A Common Misconception

I have remarked before of the strange aspect of PKI whereby, when writing or speaking about it, the natural and straightforward way of expressing something is often not strictly correct (can indeed be the exact reverse of the truth), but that taking care to be precisely accurate sounds awfully long-winded, pedantic and precious. (There’s an example of this in the second paragraph of the PowerShell Code Signing – The Problem section – you don’t use a code-signing certificate to sign code, but rather the private key to which it corresponds; you use the certificate, i.e. the public key contained in it, to validate code so signed.)

 

In the discussion of the original point which gave rise to this article, the statement was made that certificates issued by any of the Trusted Root Certification Authorities (by implication, public CAs such as Verisign) ‘are automatically trusted’. People familiar with PKI will immediately understand what is meant by that, but anyone unfamiliar with the subject will with total certainty understand the statement literally, and thus incorrectly.
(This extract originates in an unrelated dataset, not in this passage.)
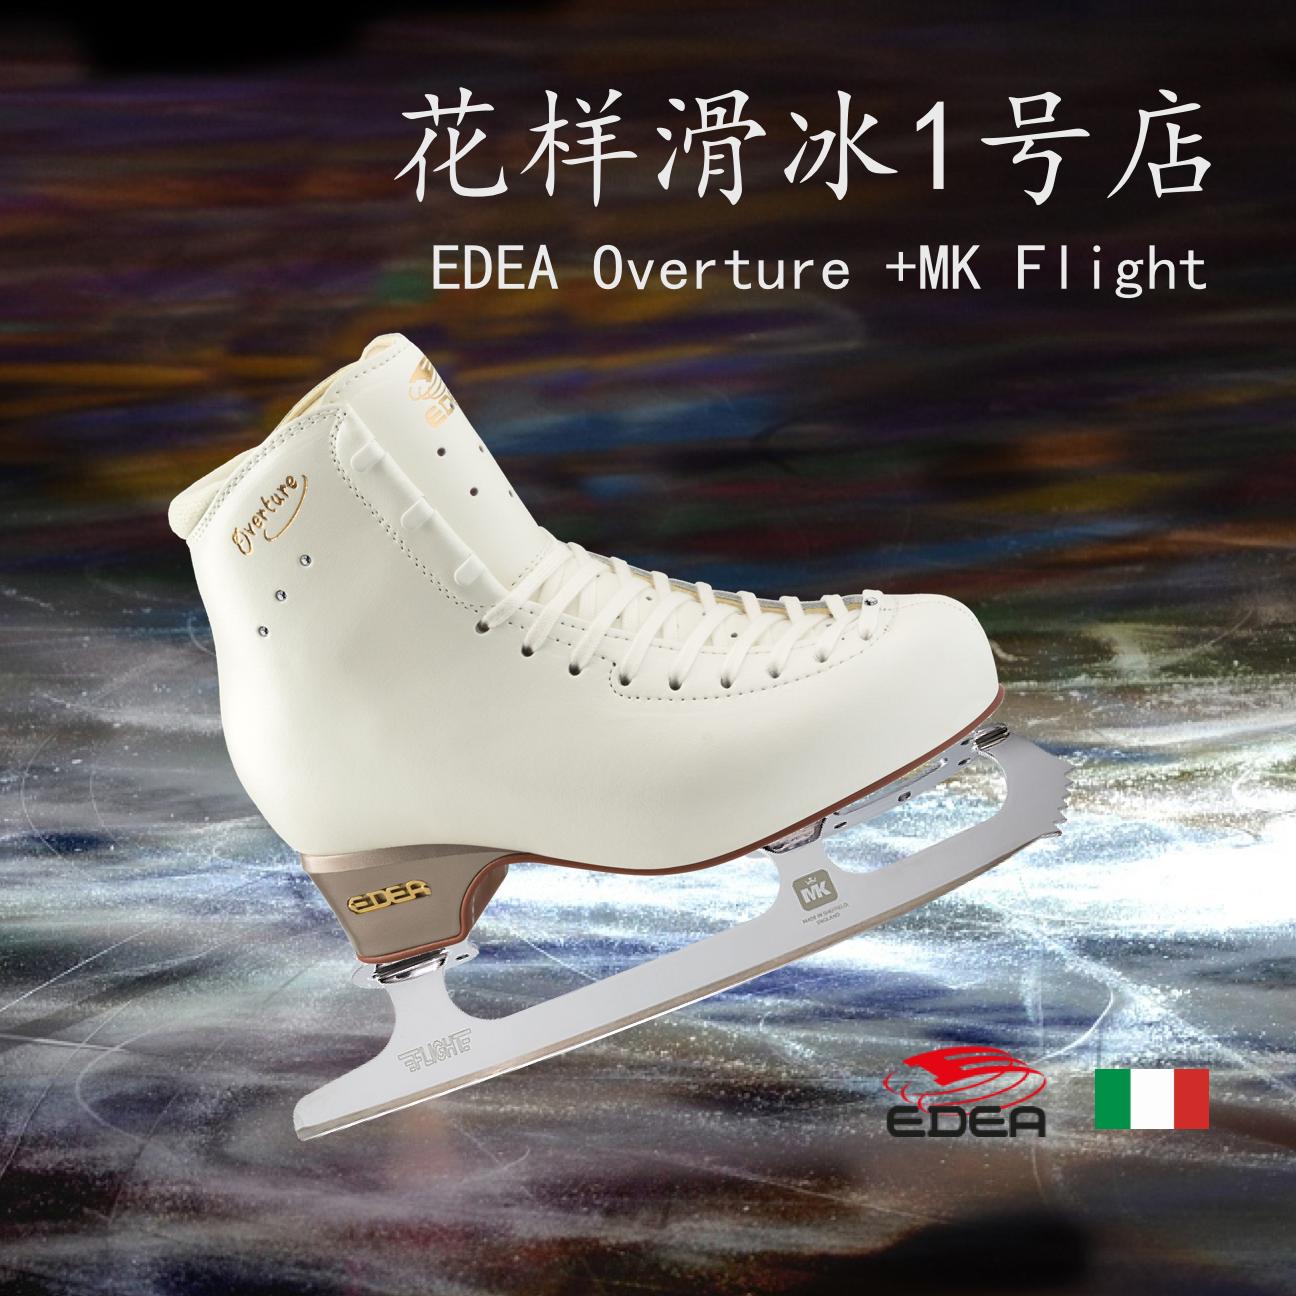 【花樣滑冰1號店】義大利 Edea冰刀鞋三星overture+mk flight/pro

In fact, the only significance of a CA’s presence in the trusted root CAs store is the availability in the current environment of that CA’s root certificate itself, and thus that one has the ability, when presented with a certificate issued by that CA, to validate it and be certain (given that one trusts the CA) that it is genuine. Having done so, one may then, with confidence, decide to accept it. But, unless some explicit enabling action has already been taken (such as, in the present context, copying the certificate to the trusted publishers store) the certificate will not be accepted automatically. (You see what I mean by long-winded, pedantic and precious – but that is, as strictly as I can express it, what it means precisely.)